Can Nanotechnology Help Develop a Workable Dengue Virus Vaccine?
November 18, 2016
School of Medicine
Scientists at the University of North Carolina at Chapel Hill School of Medicine are working to develop a nanoparticle vaccine to protect against the four serotypes of dengue virus, which infects more than 350 million people across the globe each year.
Aravinda de Silva, professor of microbiology and immunology, and post-doctoral researcher Stefan Metz recently published the latest on their vaccine development efforts in PLOS Neglected Tropical Disease(s).
The nanoparticle platform was produced with Particle Replication in Non-wetting Templates (PRINT) technology. Joseph DeSimone, the Chancellor’s Eminent Professor of Chemistry and a joint professor in the Department of Pharmacology at UNC, developed PRINT, a nano-molding technique, in 2004.
Rather than using a killed or attenuated virus to develop a vaccine for dengue, de Silva’s lab is focusing on “expressing the E protein and attaching it to nanoparticles to induce good immune responses,” Metz said.
The nanoparticle vaccine platform can be safer to certain populations than vaccines that use either live or killed virus, he said.

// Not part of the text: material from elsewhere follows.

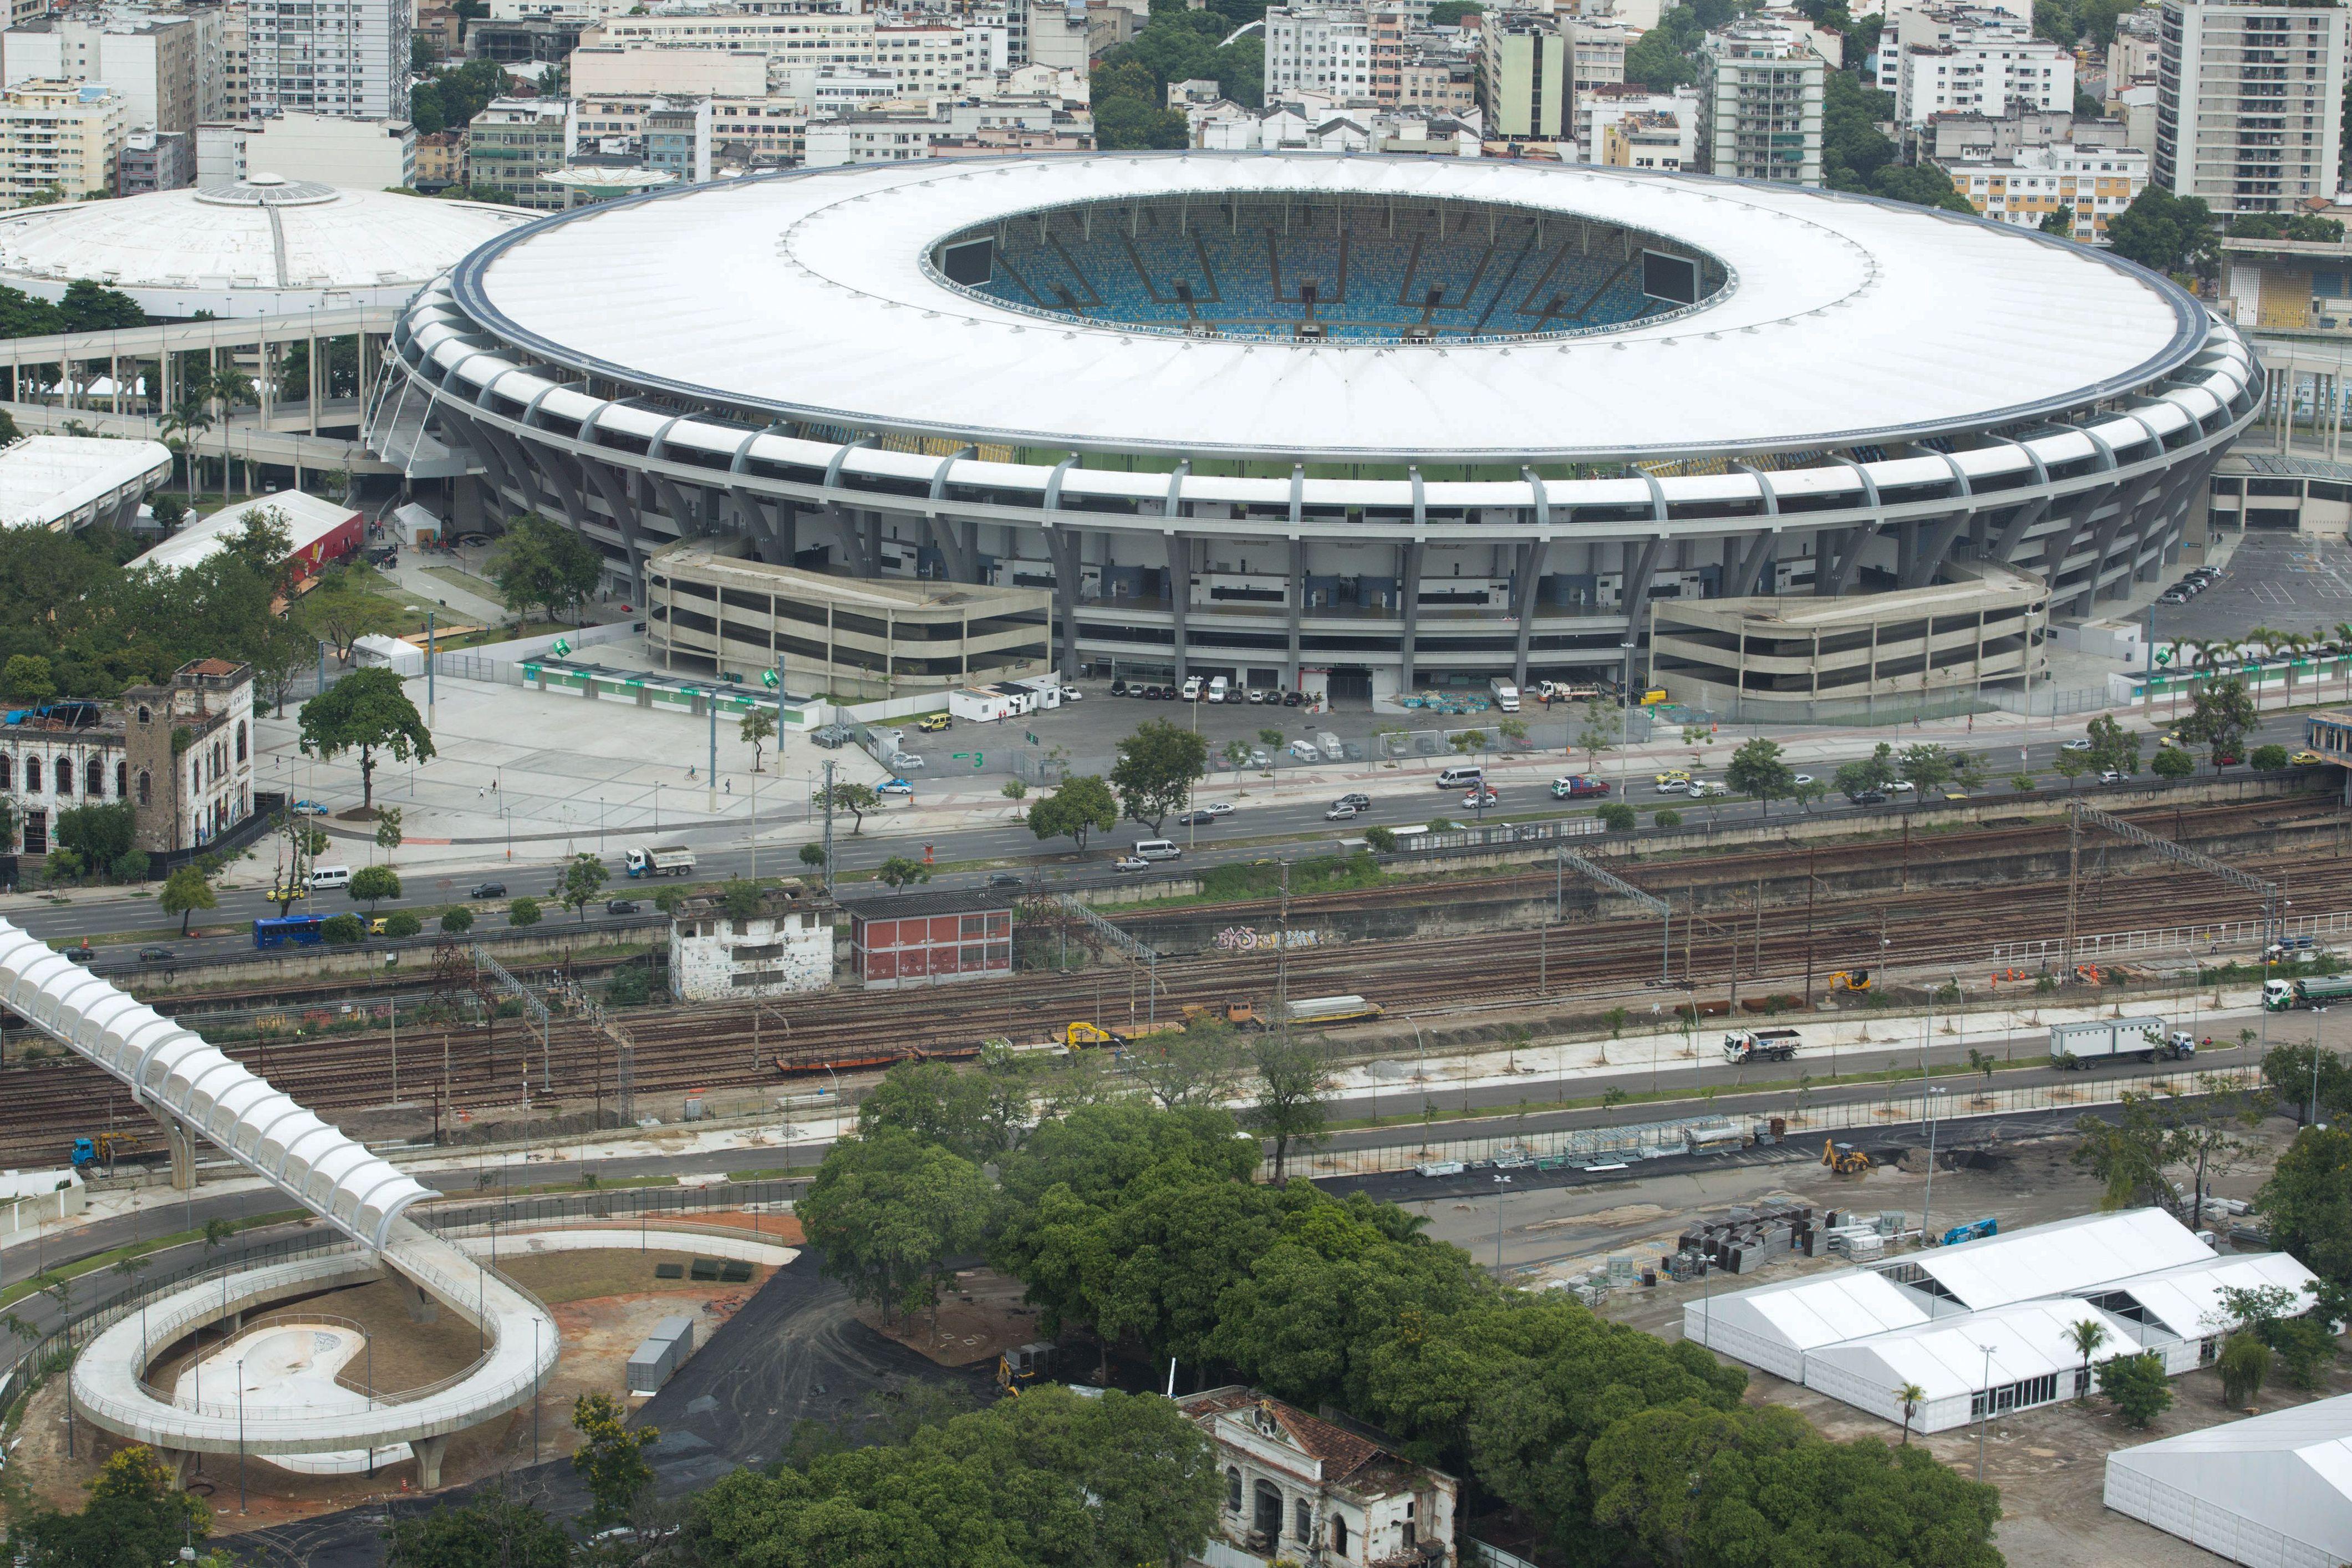 Rio 2016: sorteio define os adversários do Brasil na 1ª fase. Confira ...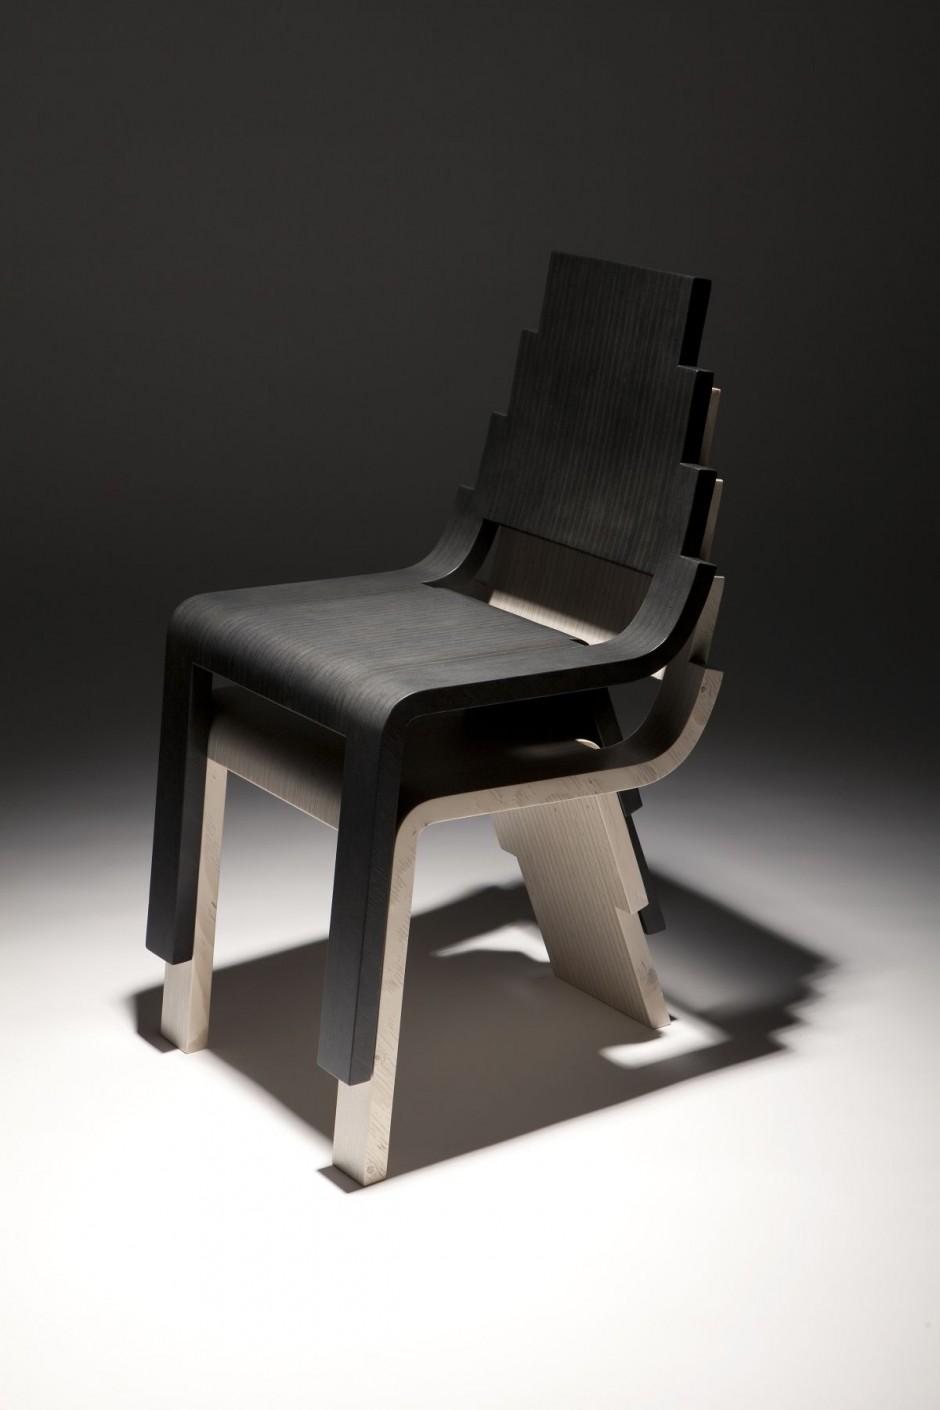 Karim Rashid Furniture Furniture The High Roller And Maya Chairs By Karim Rashid For

One of the many complexities about developing a successful dengue vaccine, Metz explained, is that there are four serotypes of the virus, which means researchers need to develop a vaccine that provides immunity against all four serotypes.
“There are currently several vaccines in trial and development for dengue,” Metz said. “One vaccine has gone through all three clinical trial phases and has been licensed in some countries. Although these vaccines produce good antibody responses, a large part of the population still wasn’t protected from each of the serotypes.”